WeasyPrint Honor language-specific rules for text-transform

text-transform: uppercase defines some language-specific rules such as i/İ for Turkic languages and άι/ΑΪ for Greek.

As shown with the following html, WeasyPrint does not seem to respect those rules:

<!DOCTYPE html>
<html xmlns="http://www.w3.org/1999/xhtml" lang="tr">
<body>
	<table>
		<tr>
			<th>Turkish:</th>
			<td style="text-transform: uppercase">a b c ç d e f g ğ h ı i j k l m n o ö p r s ş t u ü v y z</td>
		</tr>
		<tr>
			<th>Expected:</th>
			<td>A B C Ç D E F G Ğ H I İ J K L M N O Ö P R S Ş T U Ü V Y Z</td>
		</tr>
		<tr>
			<th>Greek:</th>
			<td lang="el" style="text-transform: uppercase">ά ή άι</td>
		</tr>
		<tr>
			<th>Expected:</th>
			<td>Α Ή ΑΪ</td>
		</tr>
	</table>
</body>
</html>

Renders as:

Firefox and Chrome handle it properly:

I’m also attaching the generated pdf.pdf with WeasyPrint 57.0.

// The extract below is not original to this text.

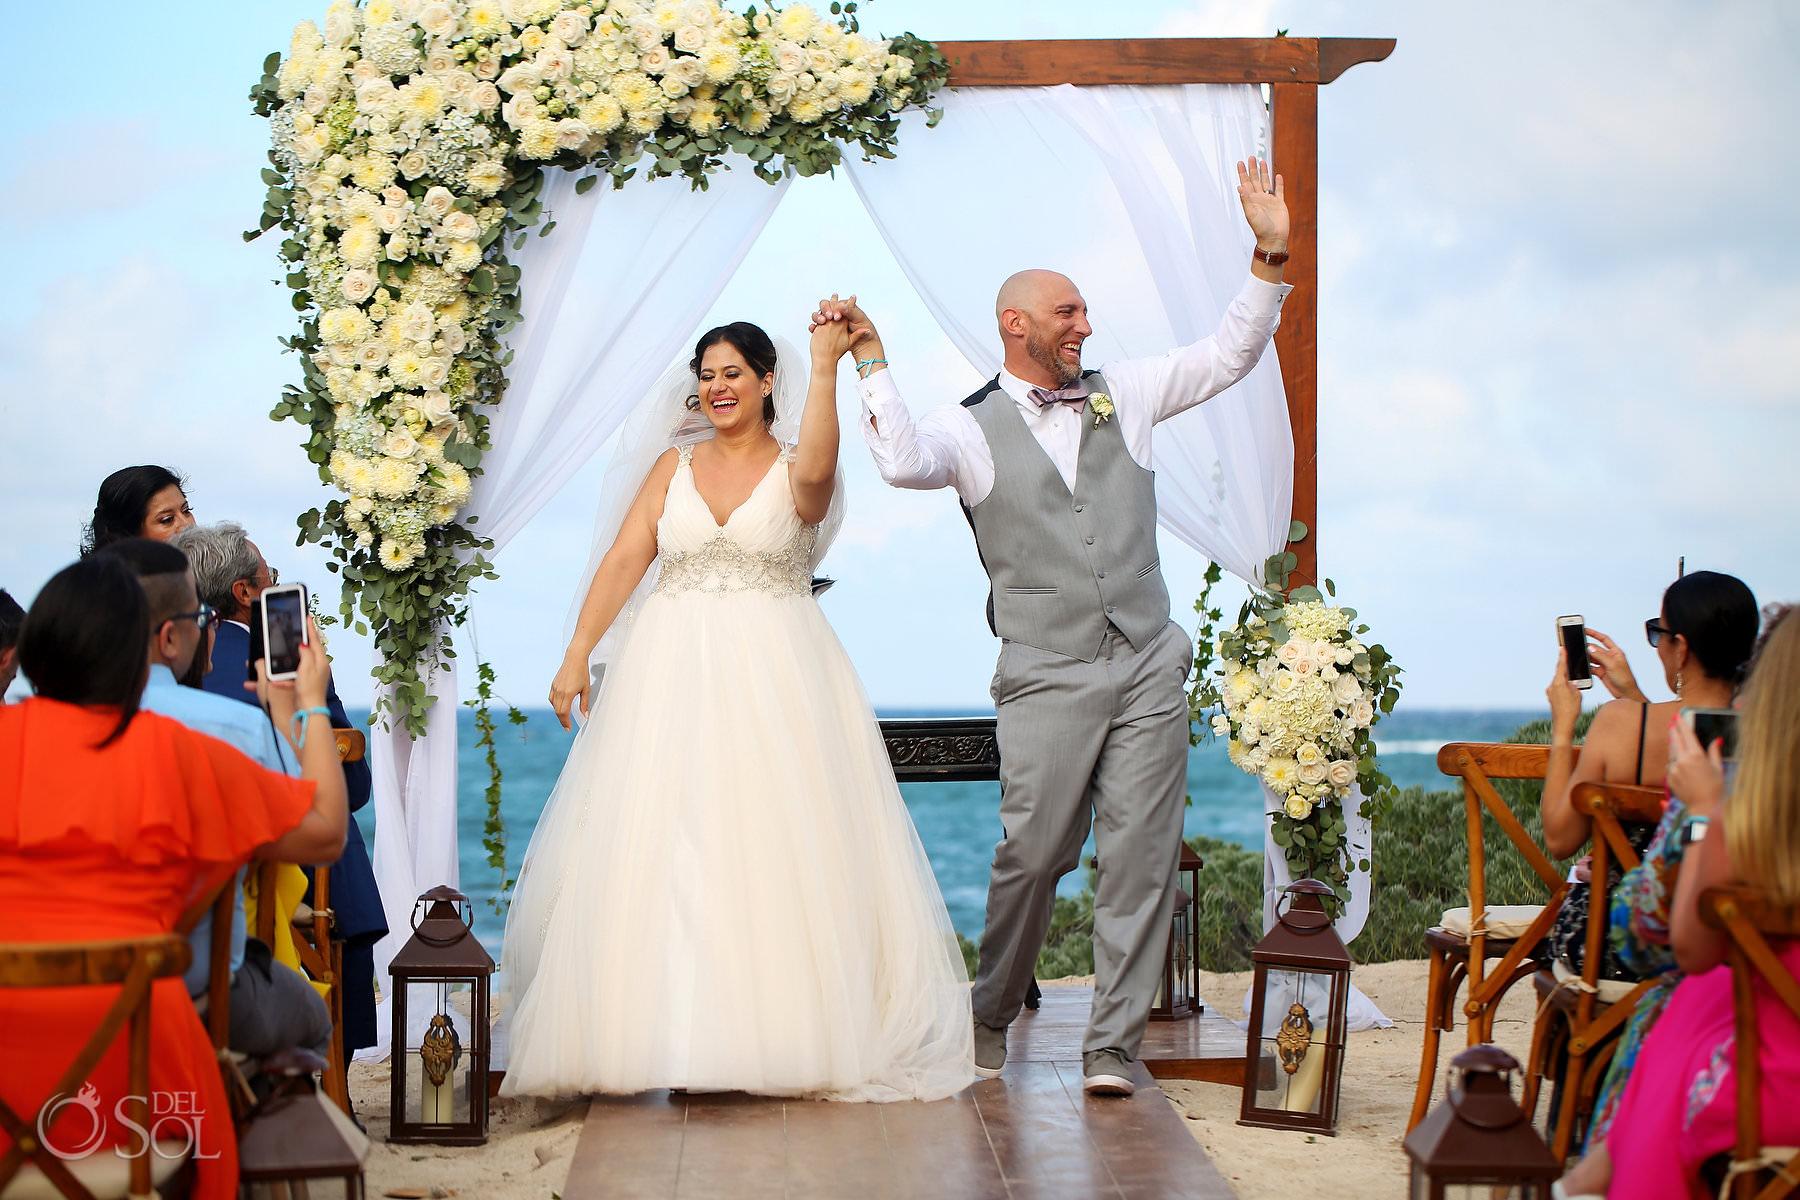 Best wedding locations Tulum mexico akumal bay beach and wellness resort

Oct 20 '22 13:10 DidierLoiseau

We could rely on pyICU, but it should be possible to handle all the exceptions manually instead of depending on an external library. According to ICU’s repository, it looks like we have only 3 exceptions:

Turkish/Azeri
Greek
Lithuanian

The goal is to change these functions to take style['lang'] as a parameter and to handle the language-specific differences using naive Python code (there’s no need to optimize this code that shouldn’t be called often).

The "hard" part is to understand what’s exactly defined in ICU’s file 😁️.

Oct 20 '22 17:10 liZe

That’s a good issue for a first-time contributor, if anyone’s interested in this feature we’ll be happy to help you add some code for it!

Oct 23 '22 13:10 liZe